Supposons, d’abord dans un premier cas, qu’un homme affronté à un événement douloureux reste
complètement stoïque comme on lui a appris depuis toujours à se comporter dans de telles
circonstances3. Il le raconte au psychothérapeute et se met à pleurer, se rendant compte d’une
grande souffrance. Le « nouveau » souvenir qui va en résulter intègrera un « souvenir » de
souffrance. Mais cette souffrance était-elle présente dans la première expérience ? C’est une
question tout à fait vaine ! Dans cet exemple, l’homme ne revit pas l’événement douloureux, il
l’accomplit. Son « nouveau » souvenir est plus riche que l’ancien et la remémoration a été l’occasion
d’un nouveau choix d’expérience, puisqu’il s’est autorisé à pleurer. En outre, il y a reconnaissance et
partage de la part du psychothérapeute ce qui est bien sûr thérapeutique.

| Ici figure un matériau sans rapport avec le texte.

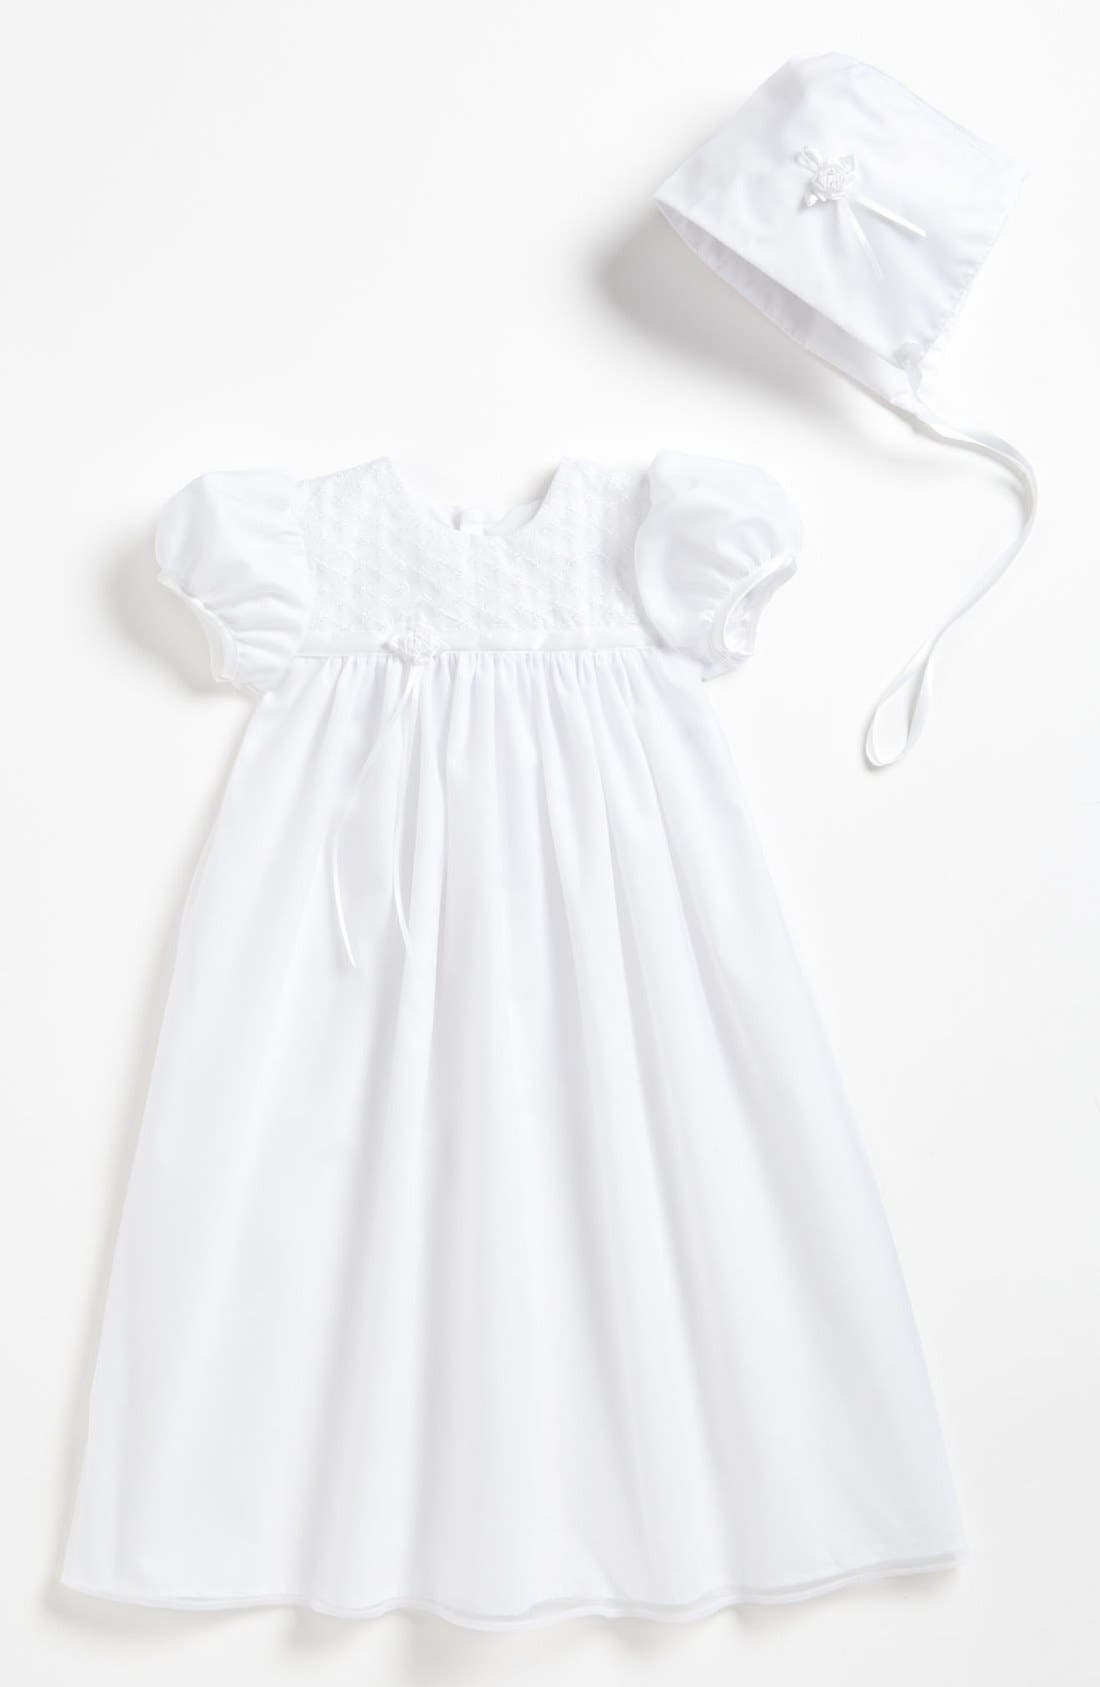 christening dress for newborn girl

Naturellement, si cette personne a éprouvé le besoin de raconter cet épisode à son
psychothérapeute c’est qu’au moment où il a vécu l’événement, il n’a pas pu réagir de façon à
réguler la charge émotionnelle. Nous disons qu’une énergie résiduelle était bloquée quelque part. La
remémoration a permis la libération de cette énergie et donc la situation est devenue dynamique.

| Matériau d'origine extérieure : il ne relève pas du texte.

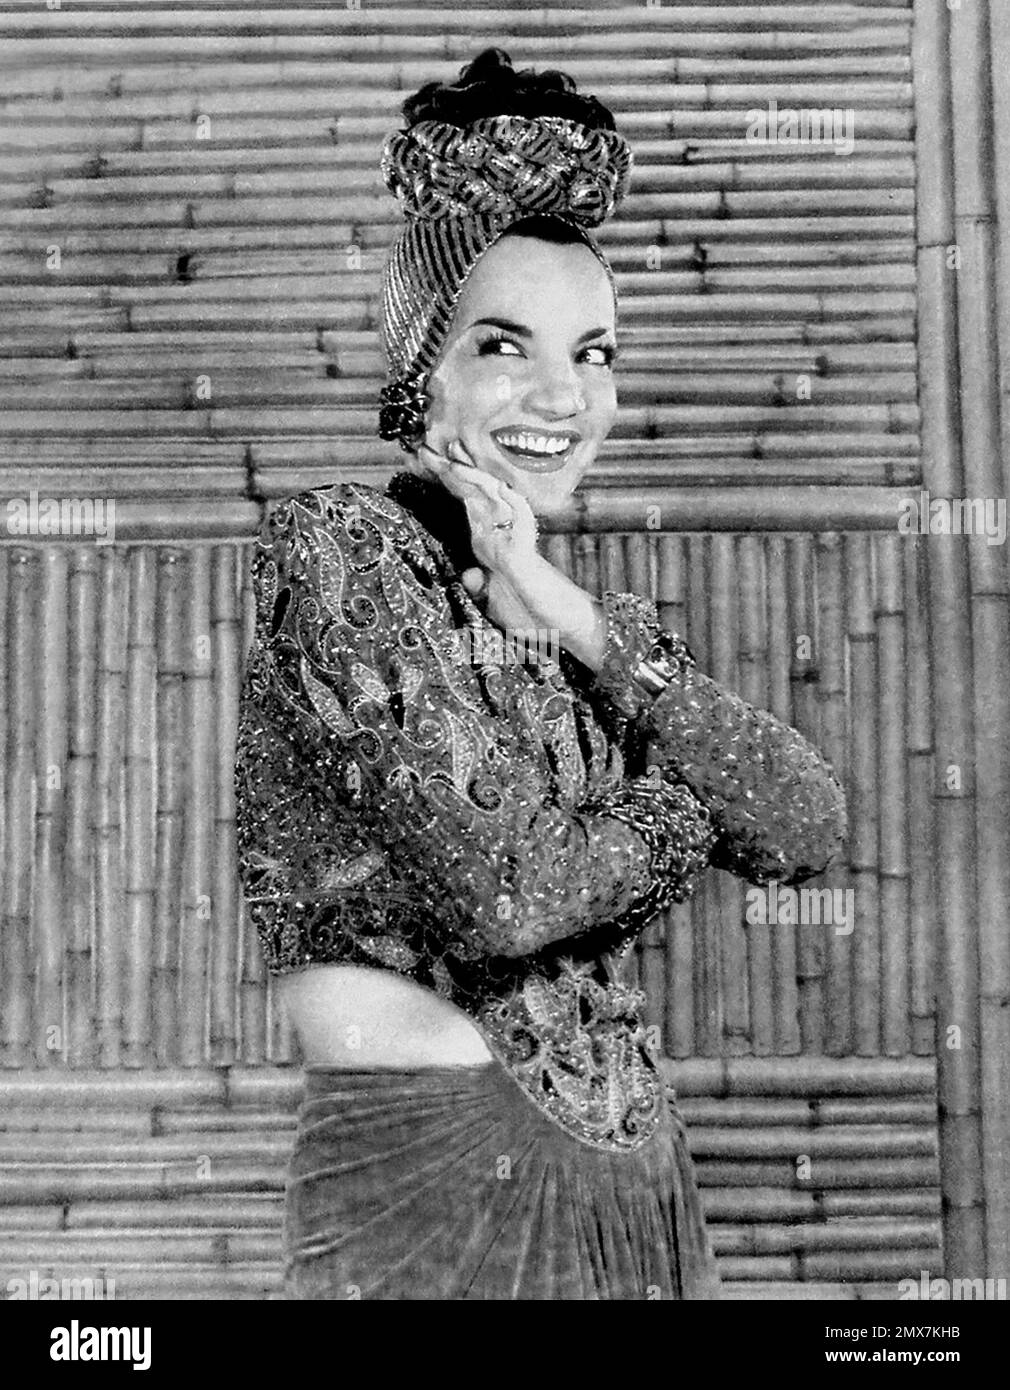 Carmen Miranda. Portrait de la chanteuse brésilienne de samba et actrice Maria do Carmo Miranda da Cunha (1909-1955), New York Sunday News, 1941 Banque D'Images

On voit que le fait que notre mémoire soit labile n’est pas un défaut mais la condition même d’un
changement possible. Si nos souvenirs ne pouvaient être modifiés, il serait cruel et inefficace de
revenir sur un passé douloureux. Cependant, nous avons assez souvent constaté que certains
patients revenaient de manière répétitive sur des événements passés et les figeaient dans un récit
largement mythique. On peut donc aussi se bloquer et ne pas changer.La personne ne rassemble pas
ses souvenirs au contraire elle émet une plainte répétitive et stérile. Mais pour notre propos nous
allons rester sur les événements nouveaux que met en scène le processus thérapeutique.
Dans la seconde opportunité, certaines personnes croyant avoir découvert des traumatismes anciens
et refoulés assignent leurs parents en justice parce qu’ils considèrent avoir été violés ou battus (et
c’est parfois vrai mais pas toujours !). D’où pour le psychothérapeute un dilemme avec deux points
extrêmes dangereux : encourager son client à porter plainte devant la justice ou lui dire que les abus
ne sont que fantasmes. Le psychothérapeute n’a sûrement à faire ni l’un ni l’autre mais sa position
est inconfortable car le client fait passer du lieu thérapeutique dans le réel de la vie ses élaborations.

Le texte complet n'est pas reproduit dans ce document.